▶ _Your assignment_: The reply should consist solely of the lines from the one with "Maltese vs Immigrants" through the final line of the listing, copied exactly, with no pictures.

▶ _Data provided_:

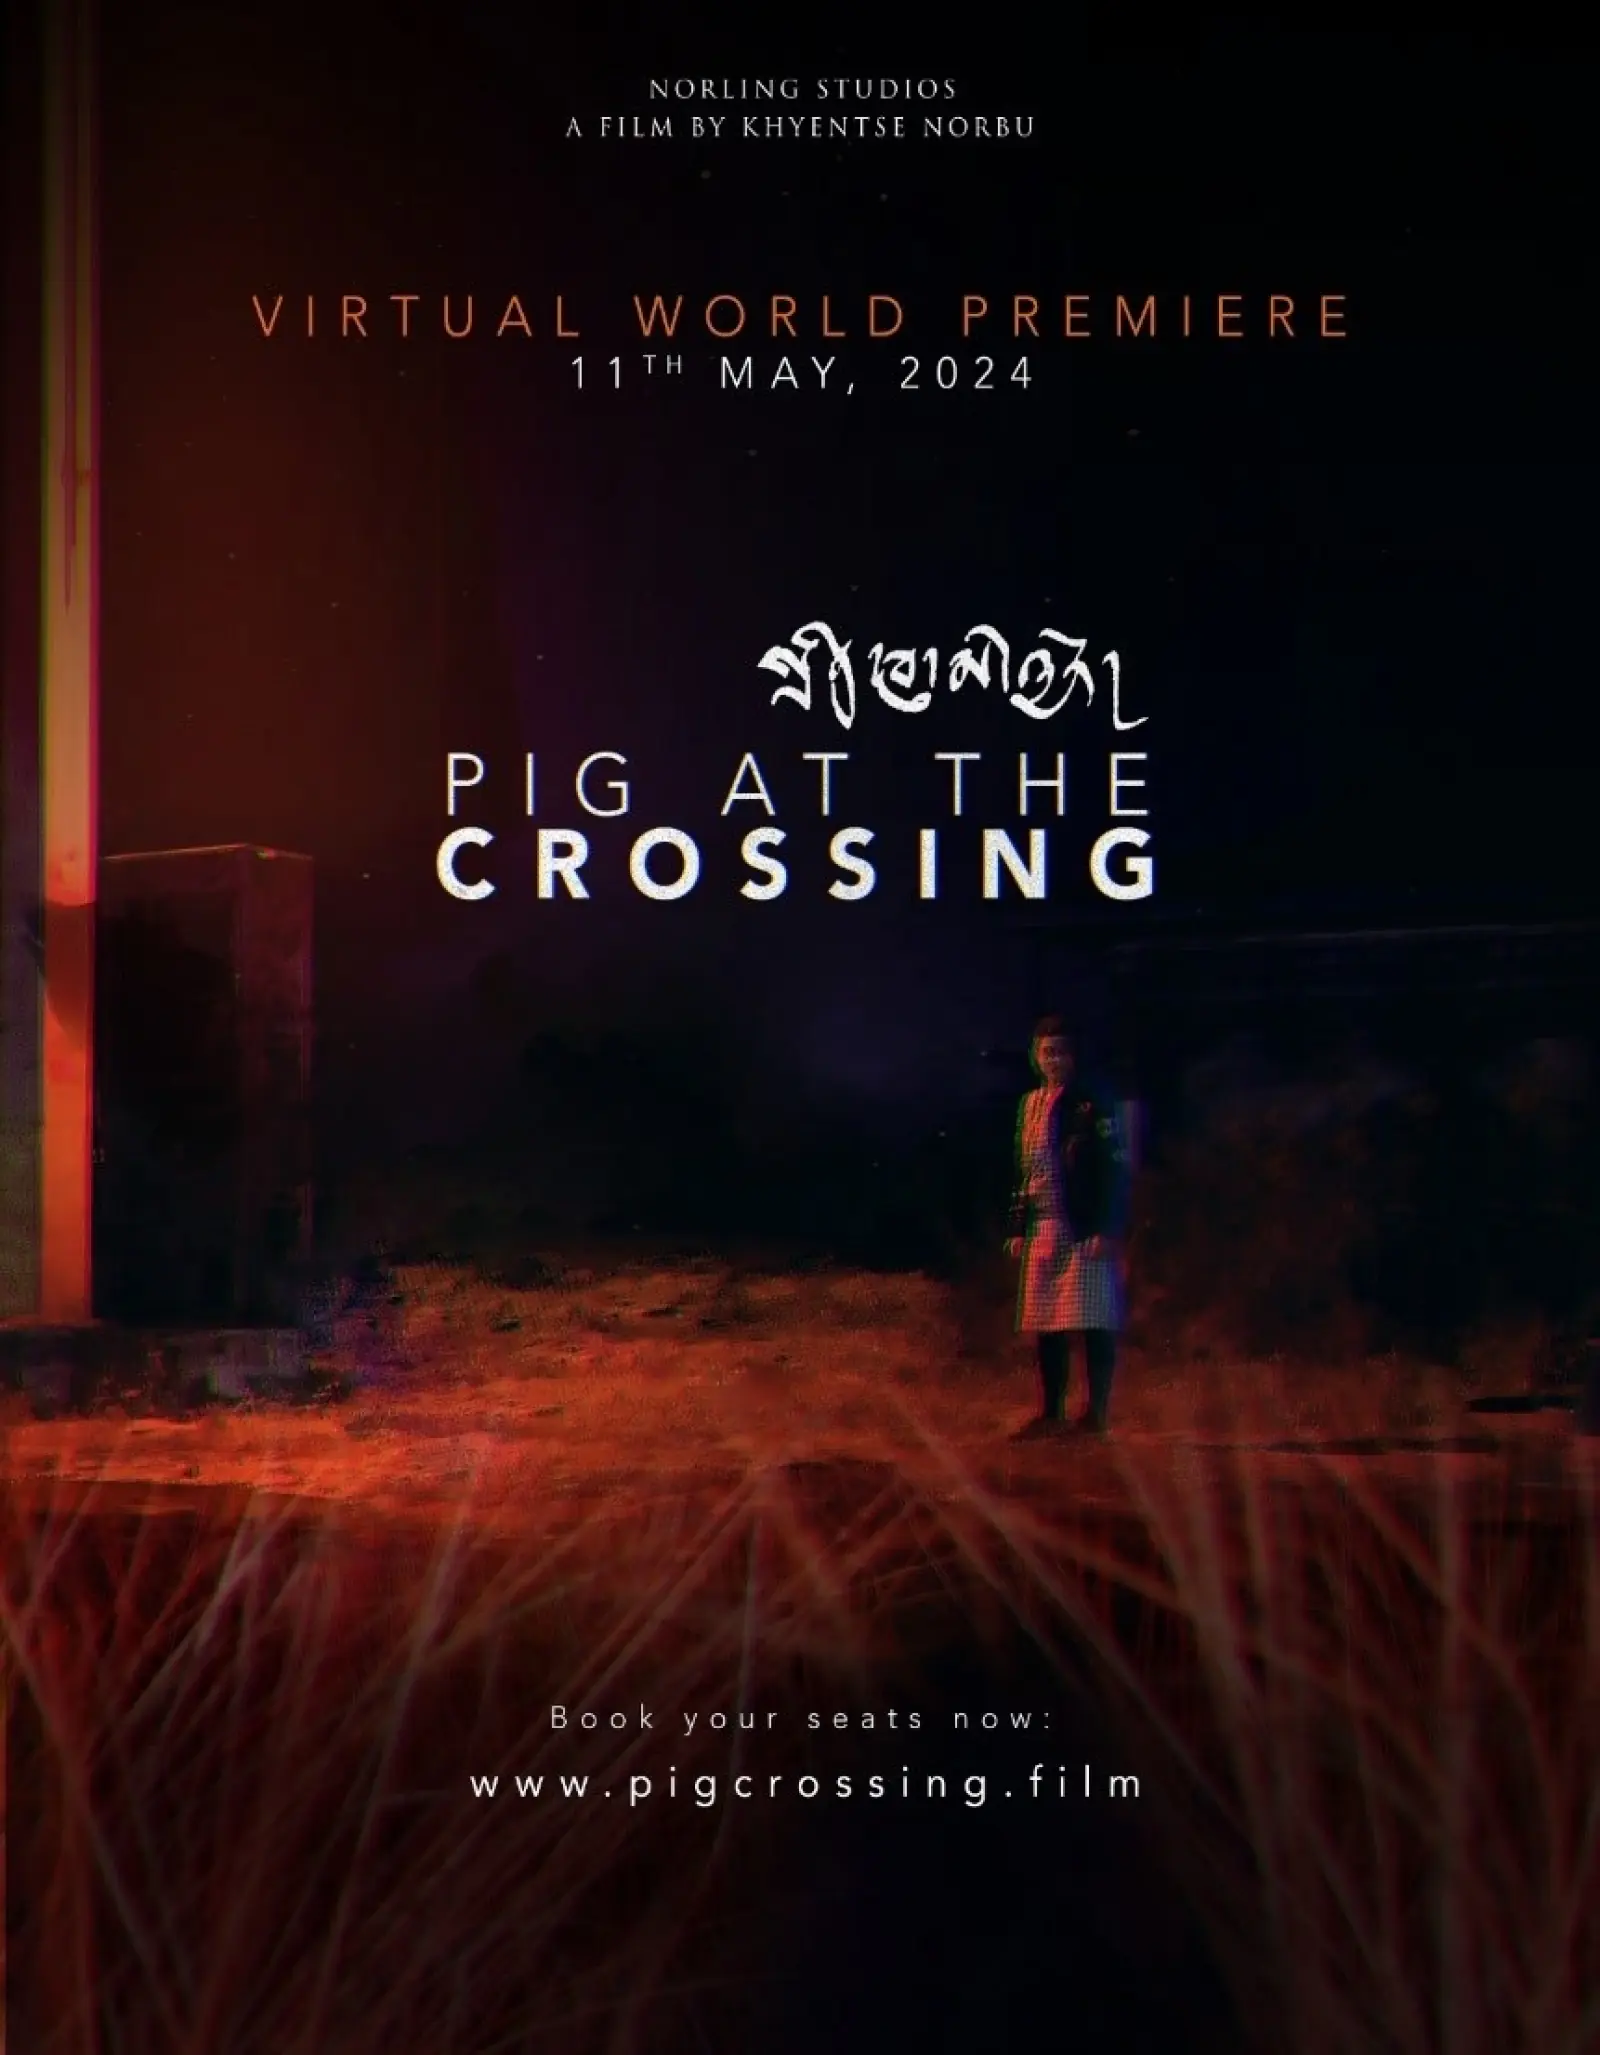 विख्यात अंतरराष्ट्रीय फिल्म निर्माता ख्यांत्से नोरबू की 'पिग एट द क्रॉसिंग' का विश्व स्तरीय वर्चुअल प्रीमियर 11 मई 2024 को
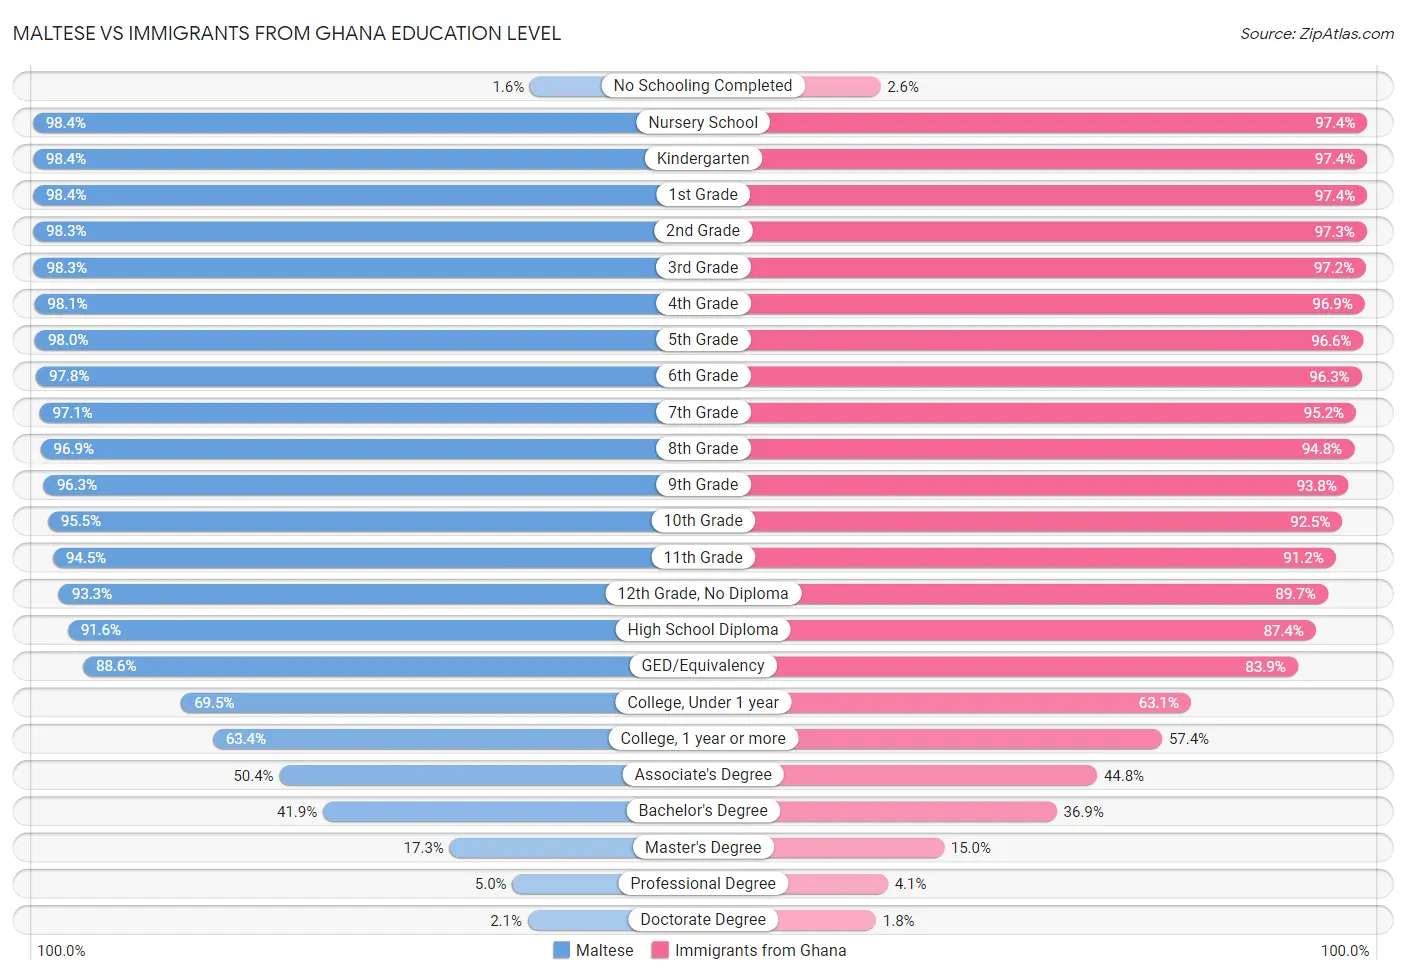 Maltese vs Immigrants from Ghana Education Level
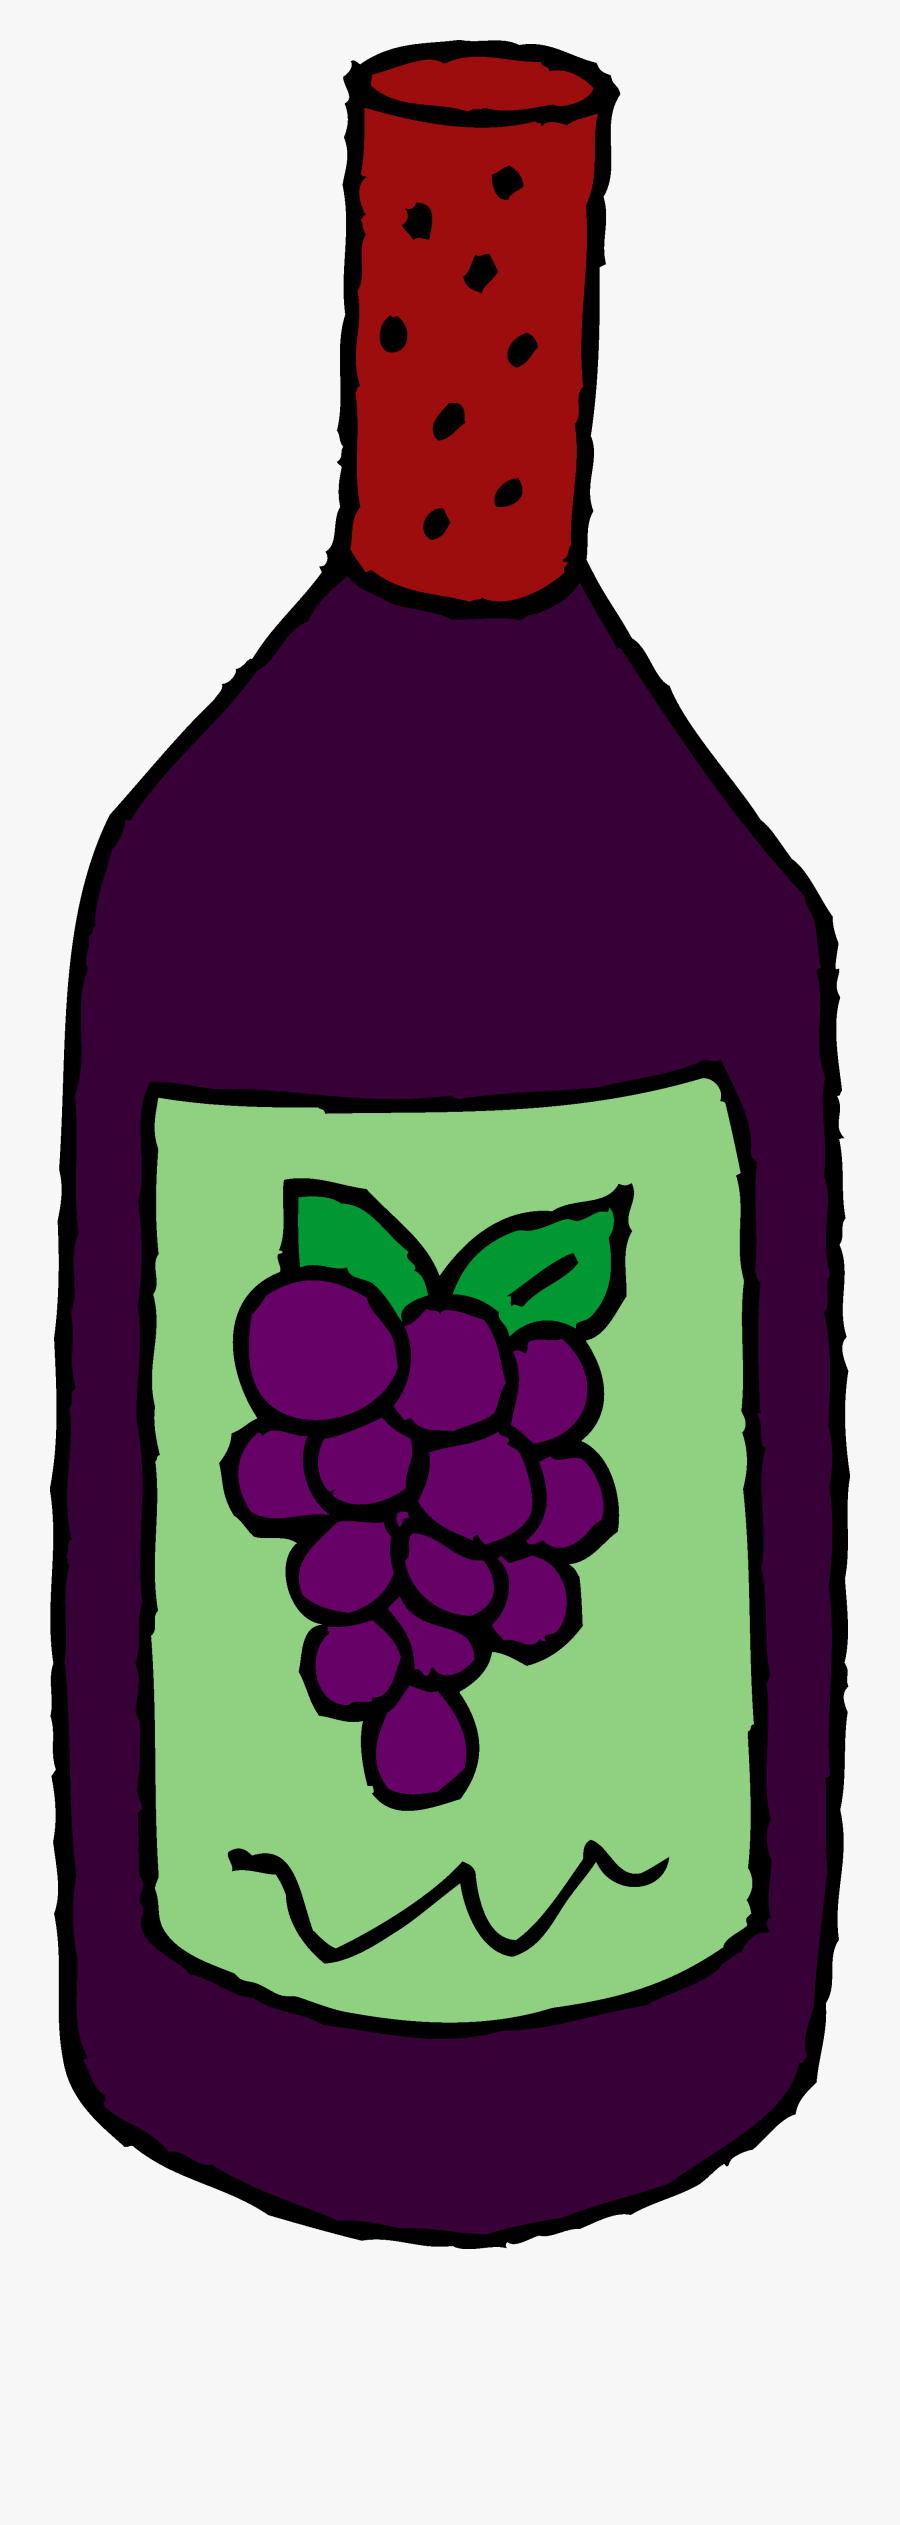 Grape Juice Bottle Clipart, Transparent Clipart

▶ _Answer to this problem_:
 Maltese vs Immigrants from Ghana Education Level
 Grape Juice Bottle Clipart, Transparent Clipart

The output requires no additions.